REQUIRED ACTION
Starting at the line containing "Invitation for Stroud Folk 🌞" and ending at the line containing "We would like", transcribe the listing below exactly. Keep both end lines, skip the pictures, and copy nothing else.

DATASET CONTENT

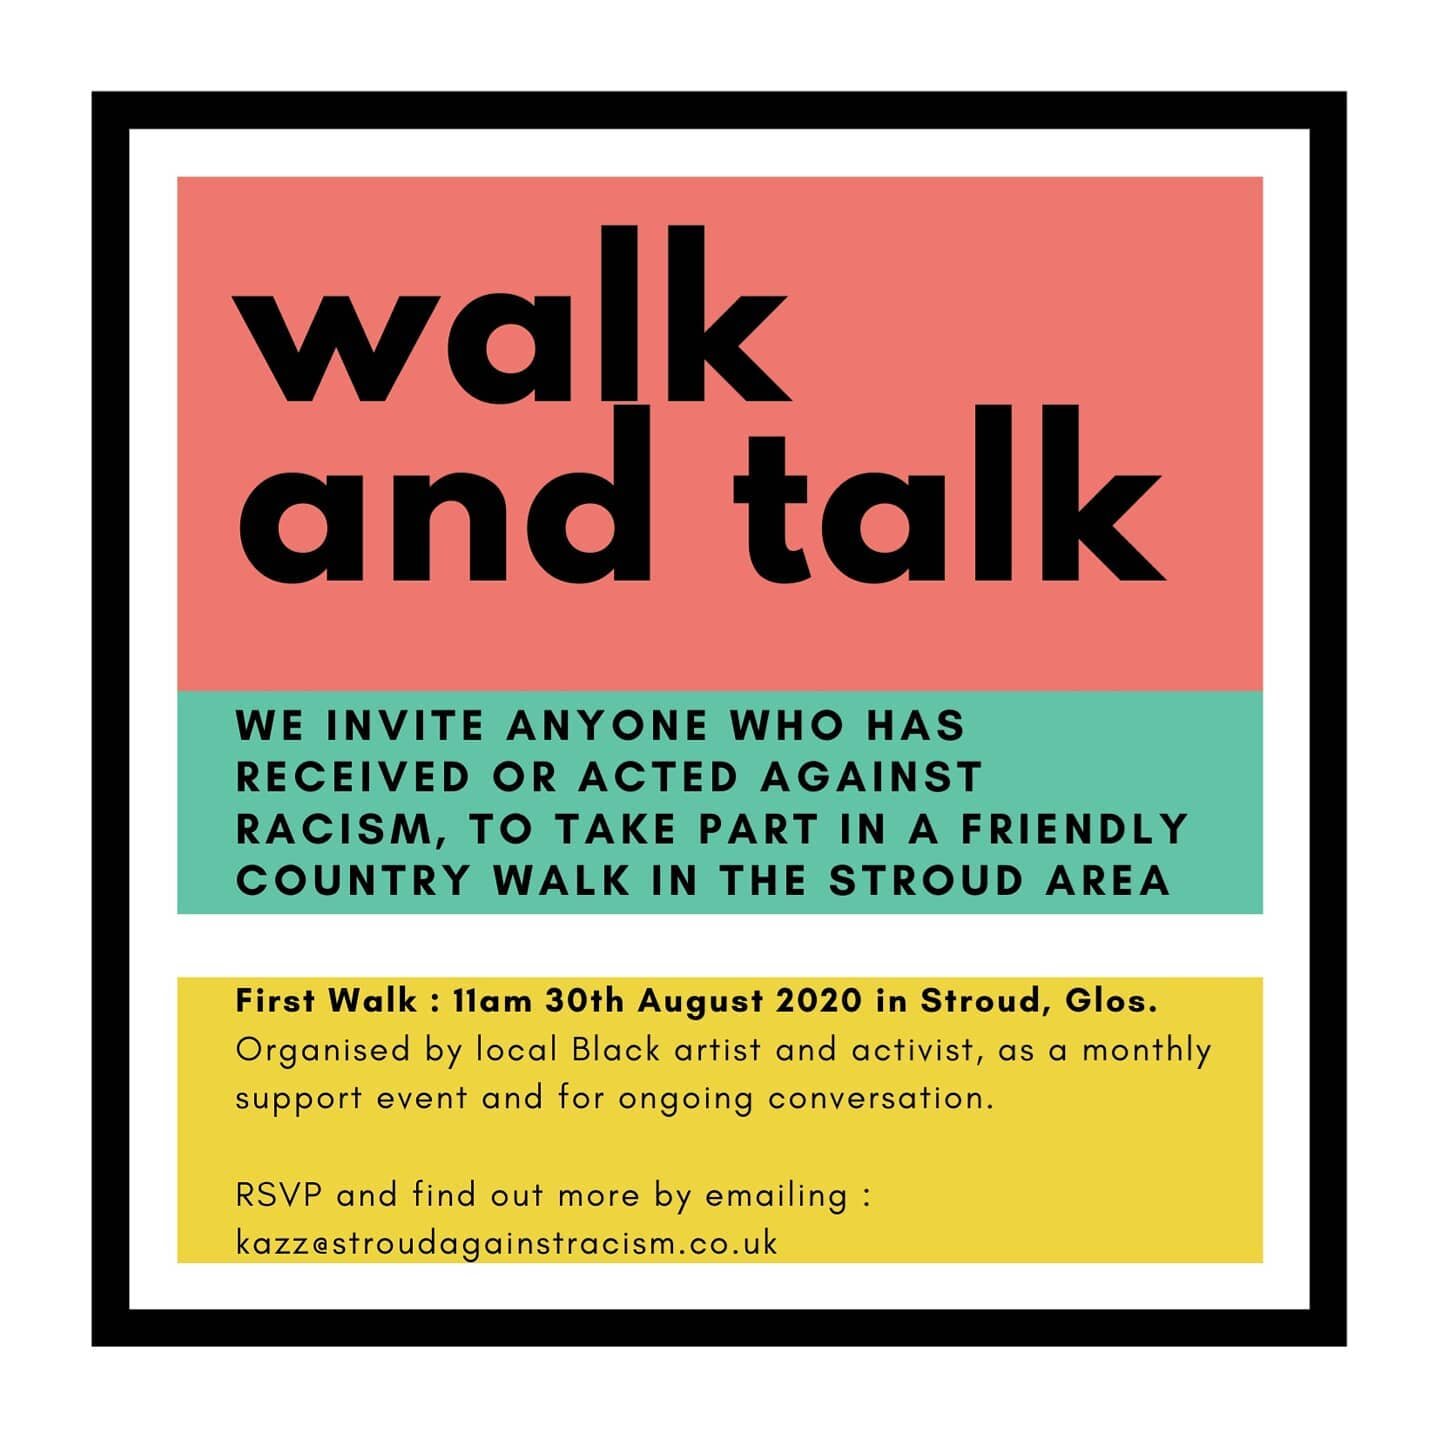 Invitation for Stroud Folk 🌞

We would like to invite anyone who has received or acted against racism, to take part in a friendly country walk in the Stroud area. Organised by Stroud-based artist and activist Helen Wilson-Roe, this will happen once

* * *

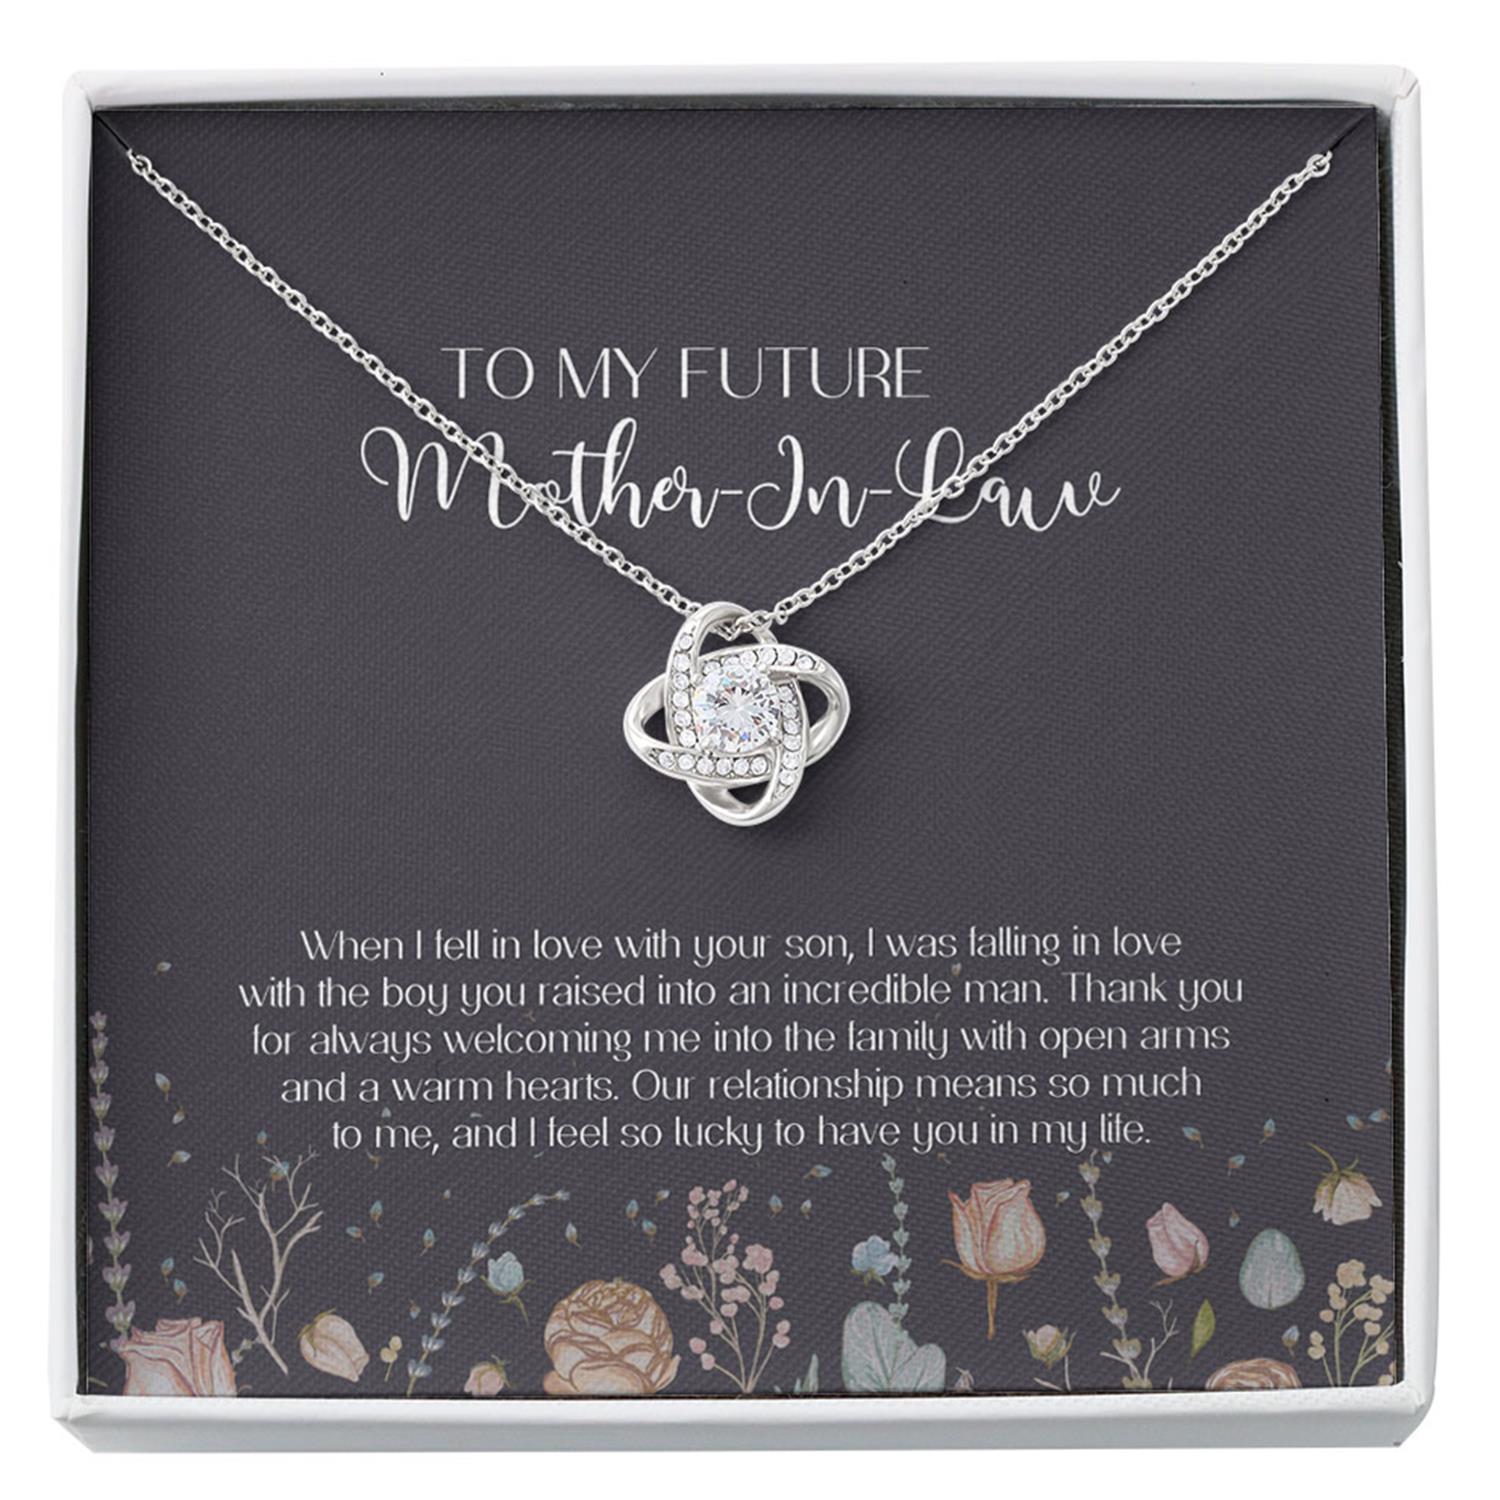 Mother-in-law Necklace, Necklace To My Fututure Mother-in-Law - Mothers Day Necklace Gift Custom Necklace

ANSWER FOR THE TASK
 Invitation for Stroud Folk 🌞

We would like to invite anyone who has received or acted against racism, to take part in a friendly country walk in the Stroud area. Organised by Stroud-based artist and activist Helen Wilson-Roe, this will happen once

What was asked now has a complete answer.